American paleontologist (born 1980)

Daniel Thomas Ksepka (born March 1, 1980) is an American paleontologist. His research focuses on the evolution of birds and reptiles, being specialized in penguins.

== Biography ==
Ksepka received a Bachelor of Science degree from Rutgers University in 2002 and a Master of Science degree from Columbia University in 2005. He spent five years at the American Museum of Natural History in New York City, gaining extensive experience in the conservation and study of natural history specimens such as fossils, skeletal material, skins, and geological samples.
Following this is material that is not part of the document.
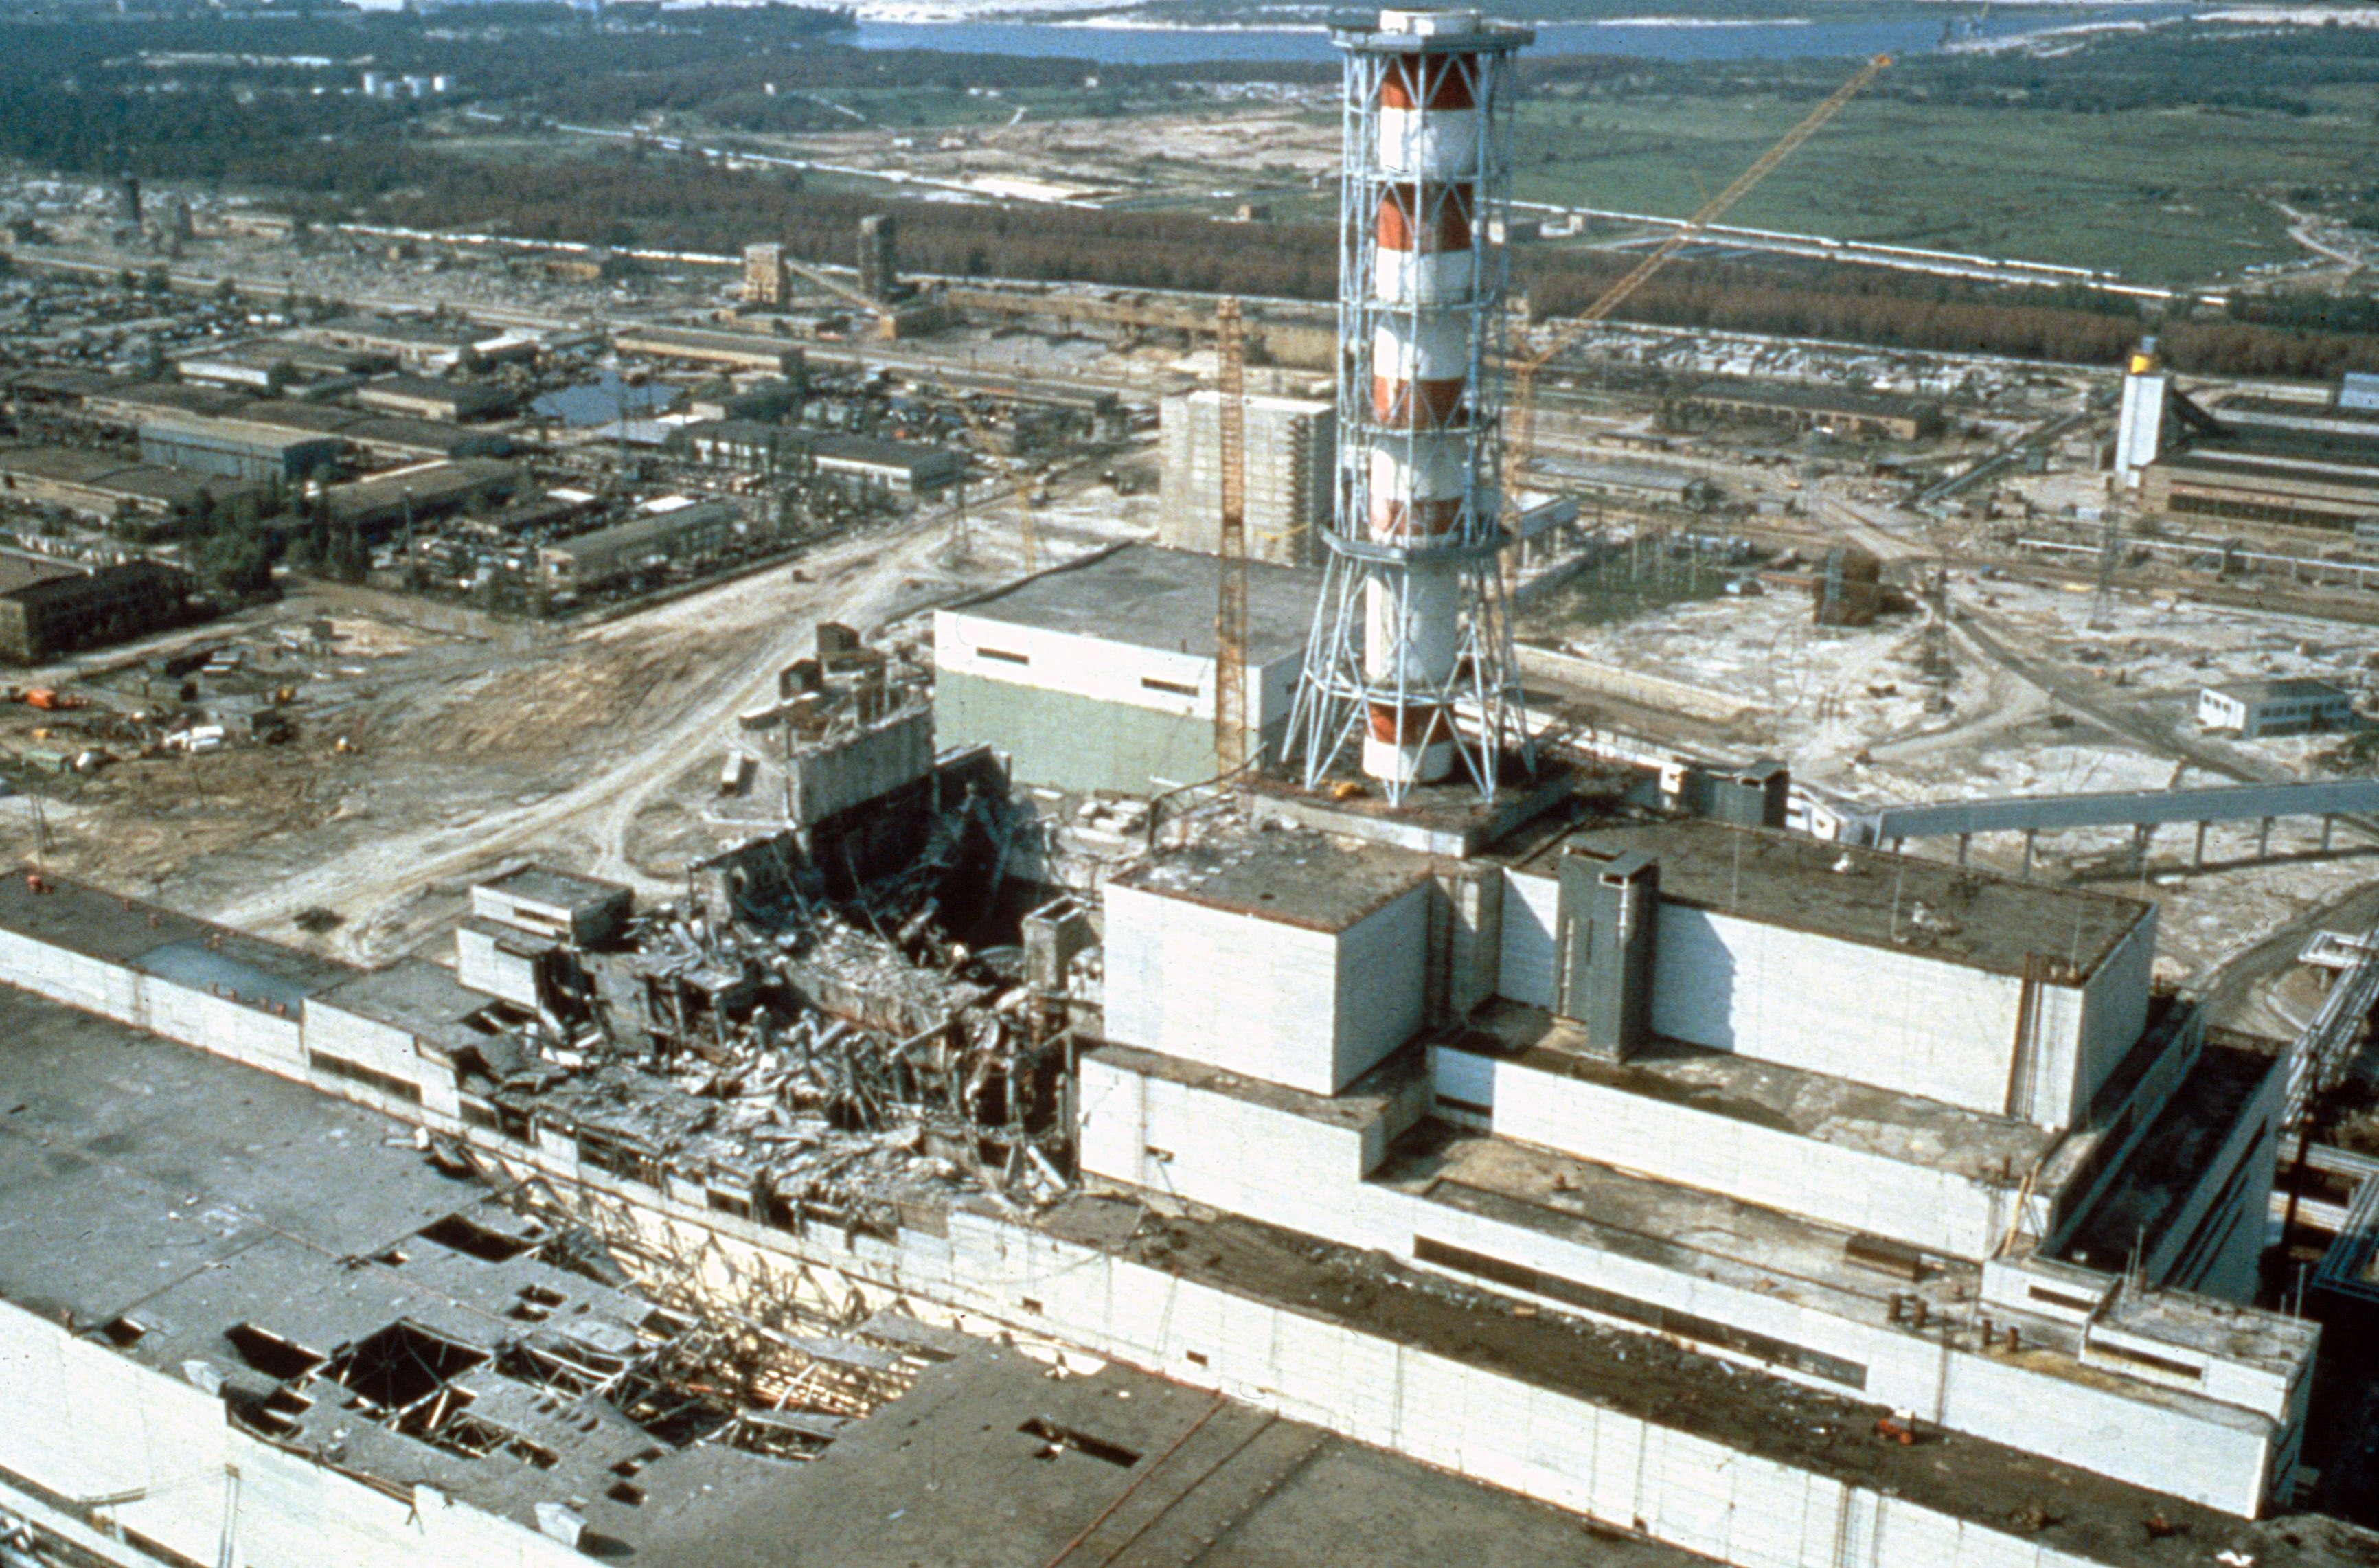 chernobyl-nuclear-power-plant-a-few-weeks-after-the-news-photo-629912323-1557104308.jpg

In 2007, under the supervision of Mark Norell, he earned his Ph.D. at Columbia University with a dissertation entitled Phylogeny, histology and functional morphology of fossil penguins (Sphenisciformes).

From 2009 to 2013, he was an assistant professor at North Carolina State University, and from 2009 to 2014 he was a research associate at the North Carolina Museum of Natural Sciences. In 2011, he became a research associate at the Smithsonian Institution, and in 2012, a research associate at the Field Museum of Natural History in Chicago. From January 2013 to May 2014, he completed his postdoctoral phase at the National Evolutionary Synthesis Center in Durham, North Carolina. Since June 2014, he has been curator at the Bruce Museum in Greenwich, Connecticut.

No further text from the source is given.